A cost-effectiveness assessment method and tool for assessing energy efficiency improvements in buildings

Pekka Tuominen (Corresponding Author), Francesco Reda, Waled Dawoud, Bahaa Elboshy, Ghada Elshafei, Abdelazim Negm

    Research output: Contribution to journalArticleScientificpeer-review

    Abstract

    This paper proposes a method and a tool based on cost-effectiveness analysis (CEA) for assessing energy efficiency improvements in buildings using a case example from Egypt.

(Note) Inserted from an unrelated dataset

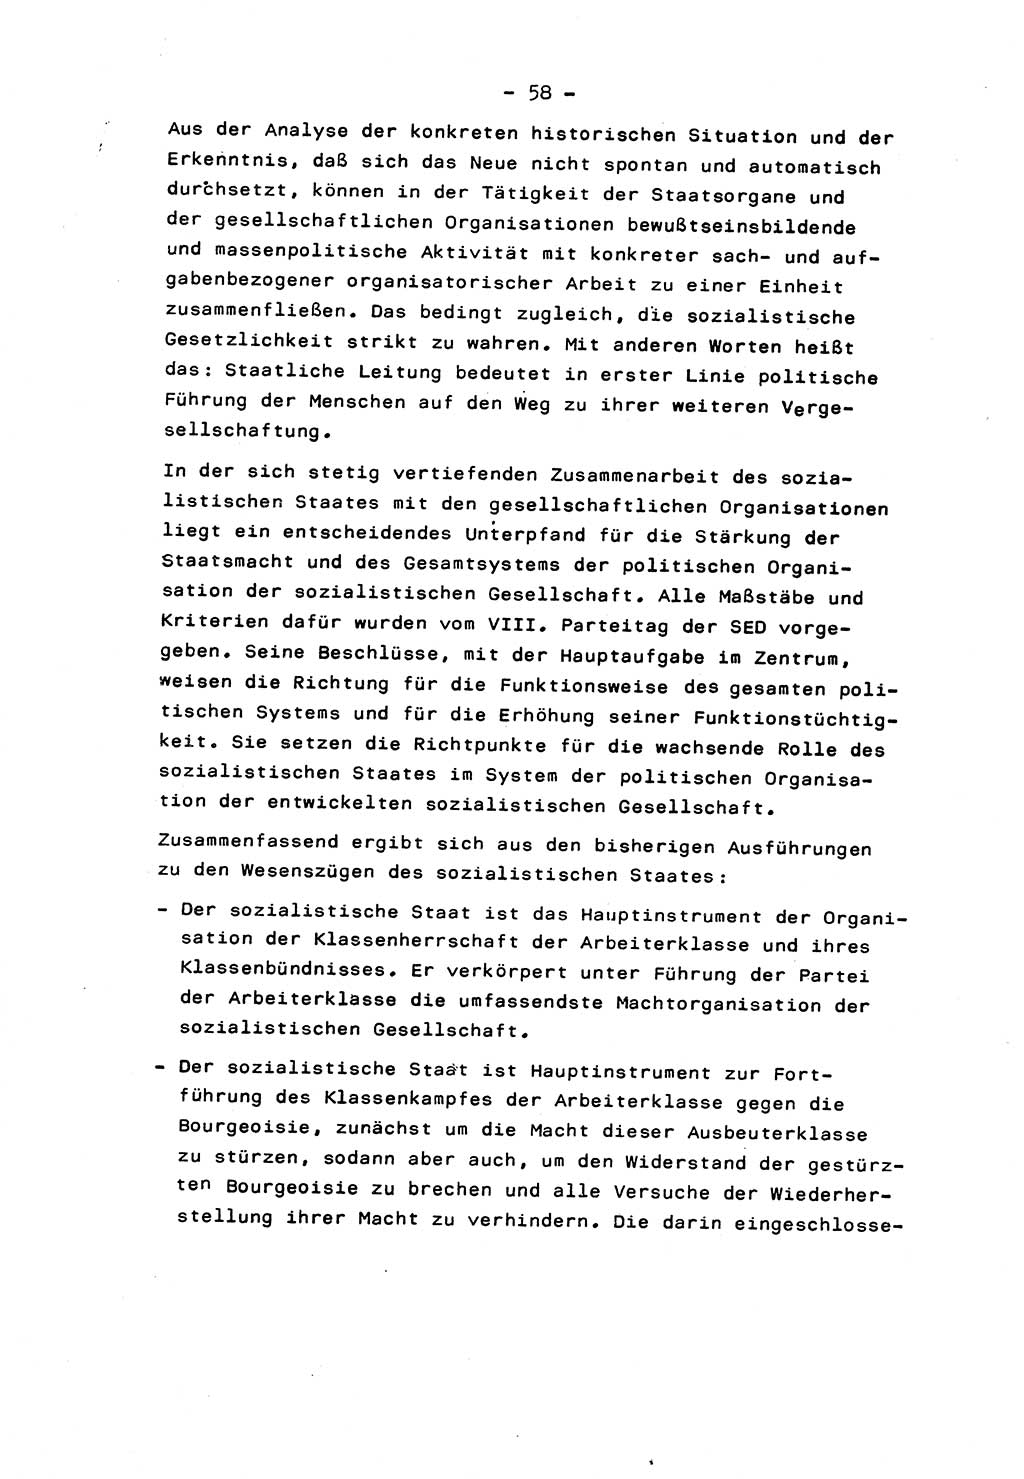 Marxistisch-leninistische Staats- und Rechtstheorie [Deutsche Demokratische Republik (DDR)] 1975, Seite 58 (ML St.-R.-Th. DDR 1975, S. 58)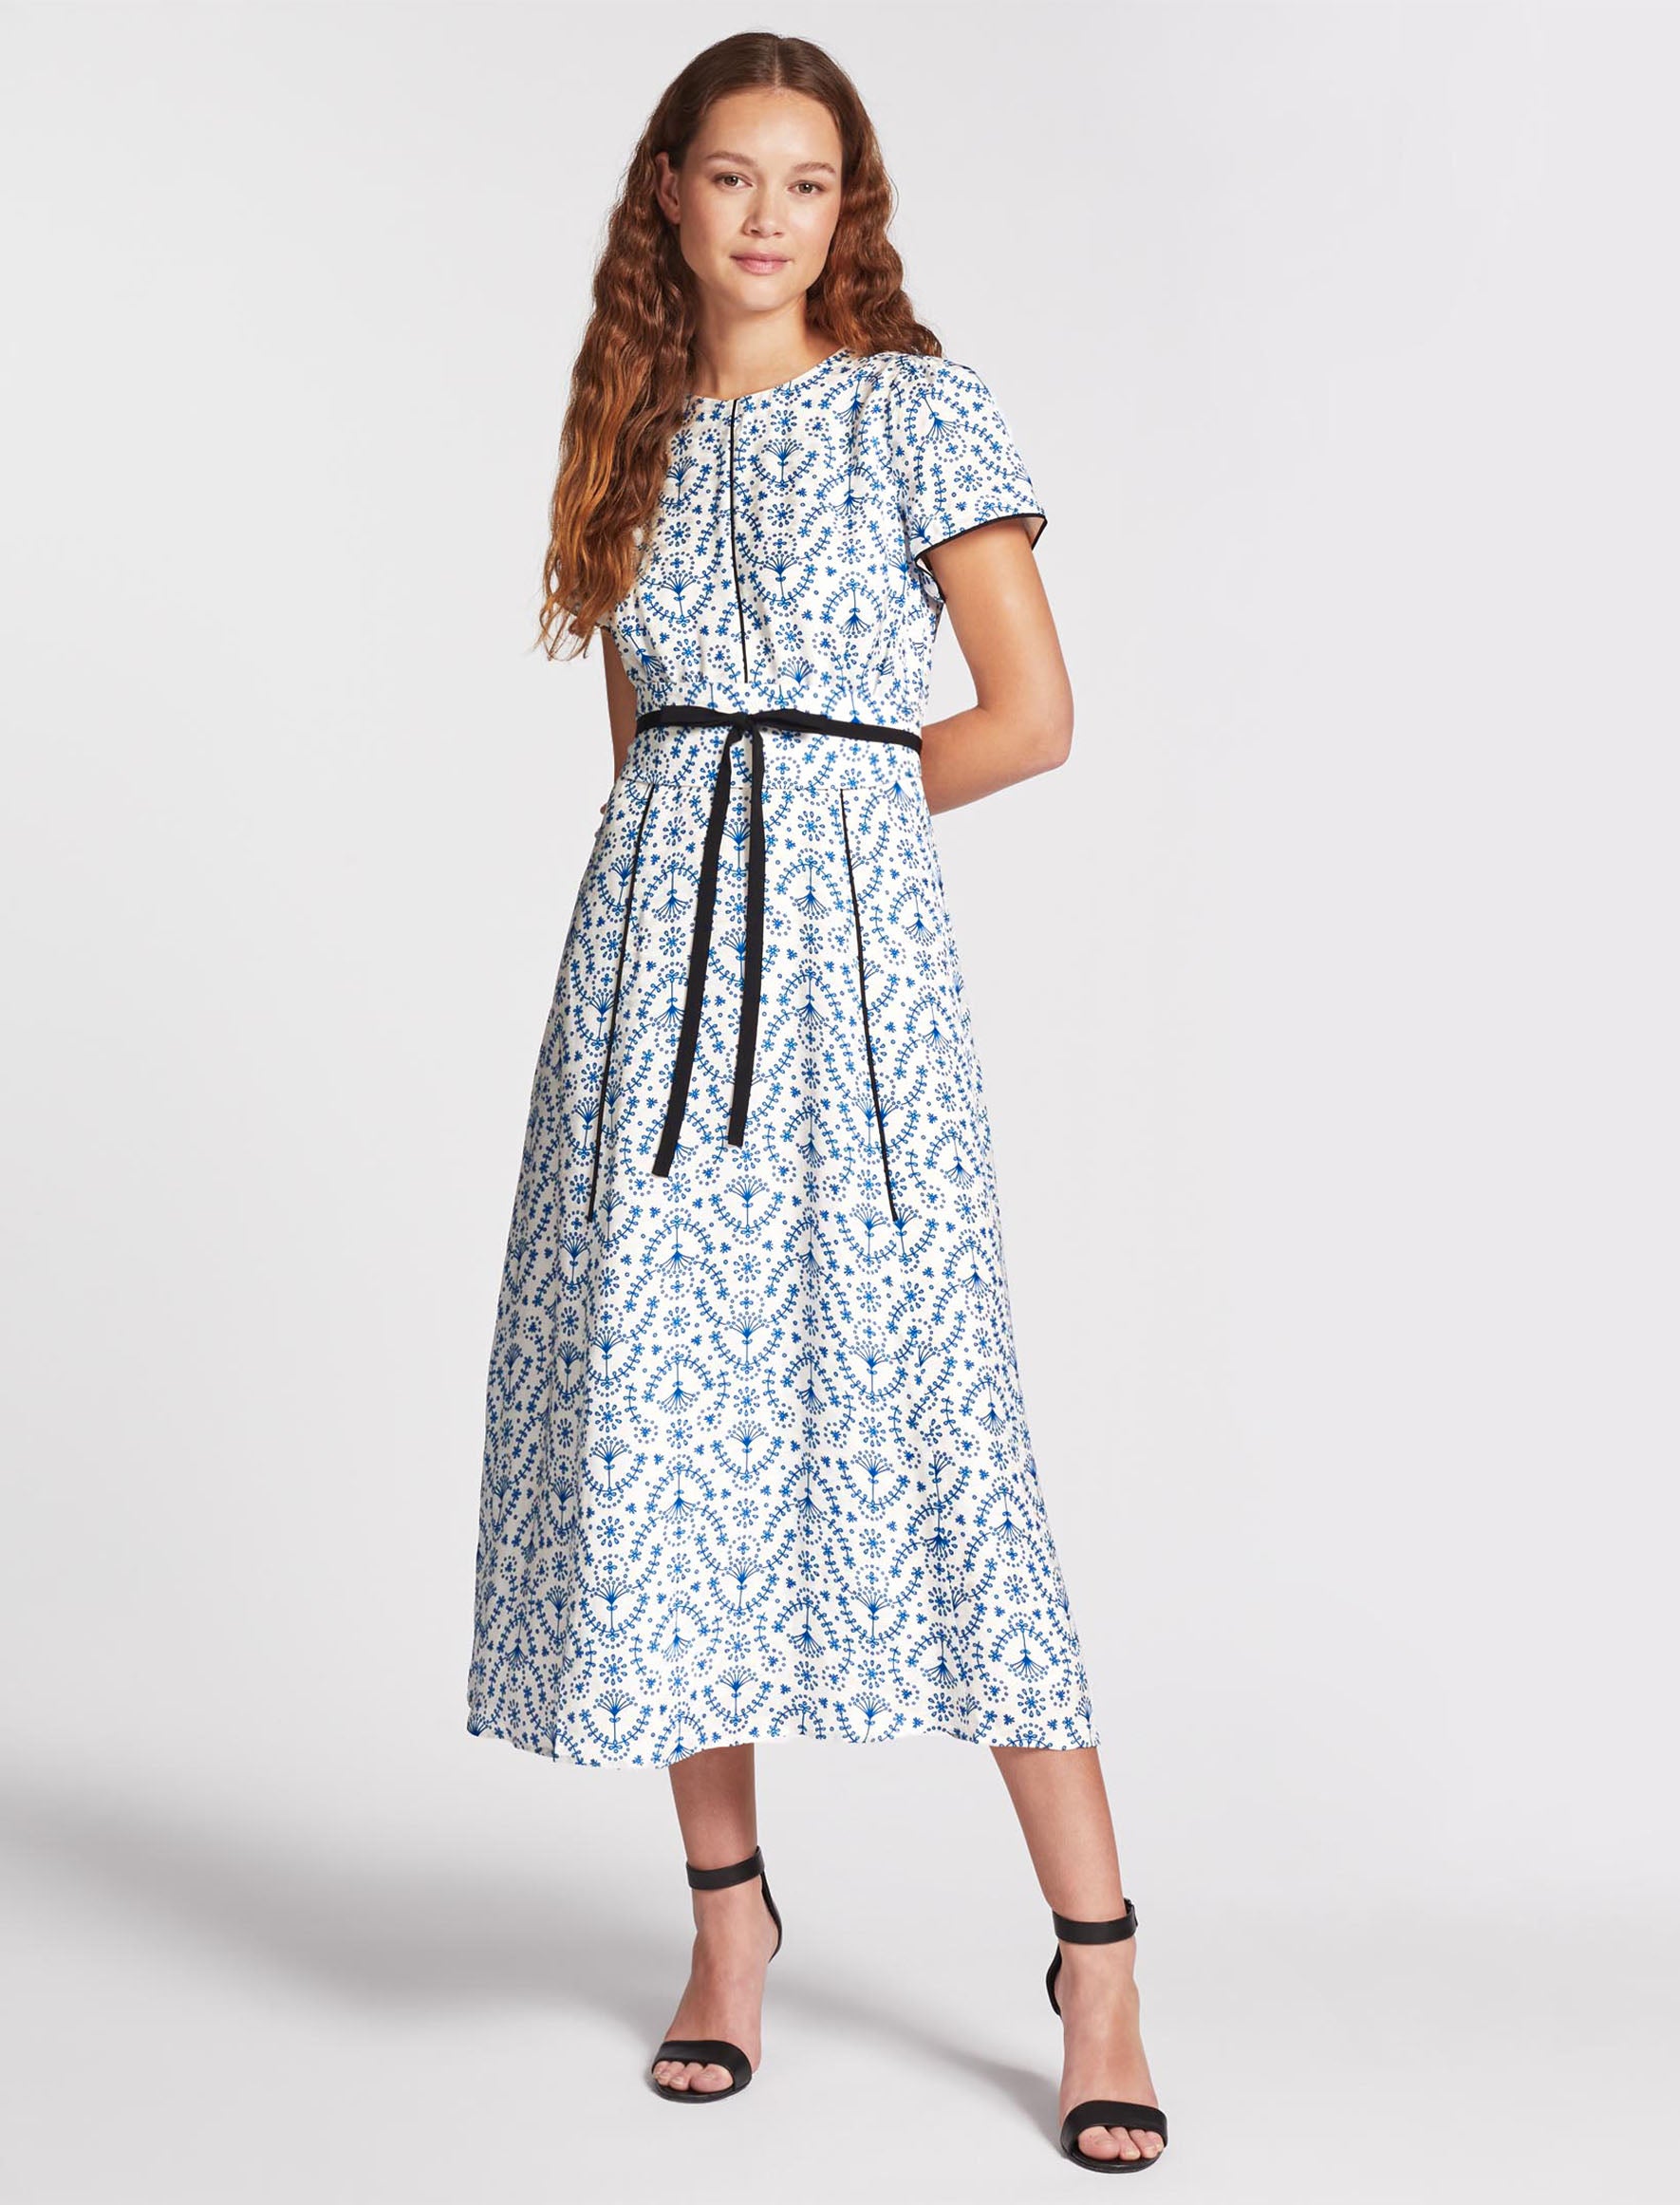 Cefinn Rosie Silk Blend Maxi Dress - White Blue Broderie Anglaise Print

Commonly used methods for economic appraisal of energy efficiency improvements have shortcomings that warrant the study of alternative methods. To offer avenues for improving the current economic assessment of energy efficiency, methods used in other fields are studied. A chain of argumentation for choosing a suitable method is developed. As a result, CEA appears to be best suited to the problem at hand. It can be used to, first, define the cost of the primary aim of saving energy and, second, allow the comparison of alternative investments in sustainable energy, not limited to energy conservation alone. A case building is studied with a calculation using a CEA method adapted for energy efficiency improvements in buildings to demonstrate the use of the method. In the case studied the CEA calculation produced costs of 0.26–0.60 USD/kWh for energy saved by the energy efficiency investments made. A systematic appraisal of cost-effectiveness of alternative energy efficiency projects would allow pointing out the most effective ones in terms of energy saved per money spent.
    Original languageEnglish
    Pages (from-to)67-81
    JournalGreen Finance
    Volume1
    Issue number1
    DOIs
    Publication statusPublished - 2019
    MoE publication typeNot Eligible

    Fingerprint

    Energy efficiency
    Cost-effectiveness
    Cost-effectiveness analysis
    Energy
    Costs
    Alternative investments
    Energy conservation
    Warrants
    Egypt
    Alternative energy
    Argumentation
    Energy saving
    Sustainable energy
    Economics
    Economic appraisal

    Keywords

    • energy efficiency
    • cost-effectiveness
    • economic efficiency
    • investment
    • budgeting

    Cite this

    Tuominen, Pekka ; Reda, Francesco ; Dawoud, Waled ; Elboshy, Bahaa ; Elshafei, Ghada ; Negm, Abdelazim. / A cost-effectiveness assessment method and tool for assessing energy efficiency improvements in buildings. In: Green Finance. 2019 ; Vol. 1, No. 1. pp. 67-81.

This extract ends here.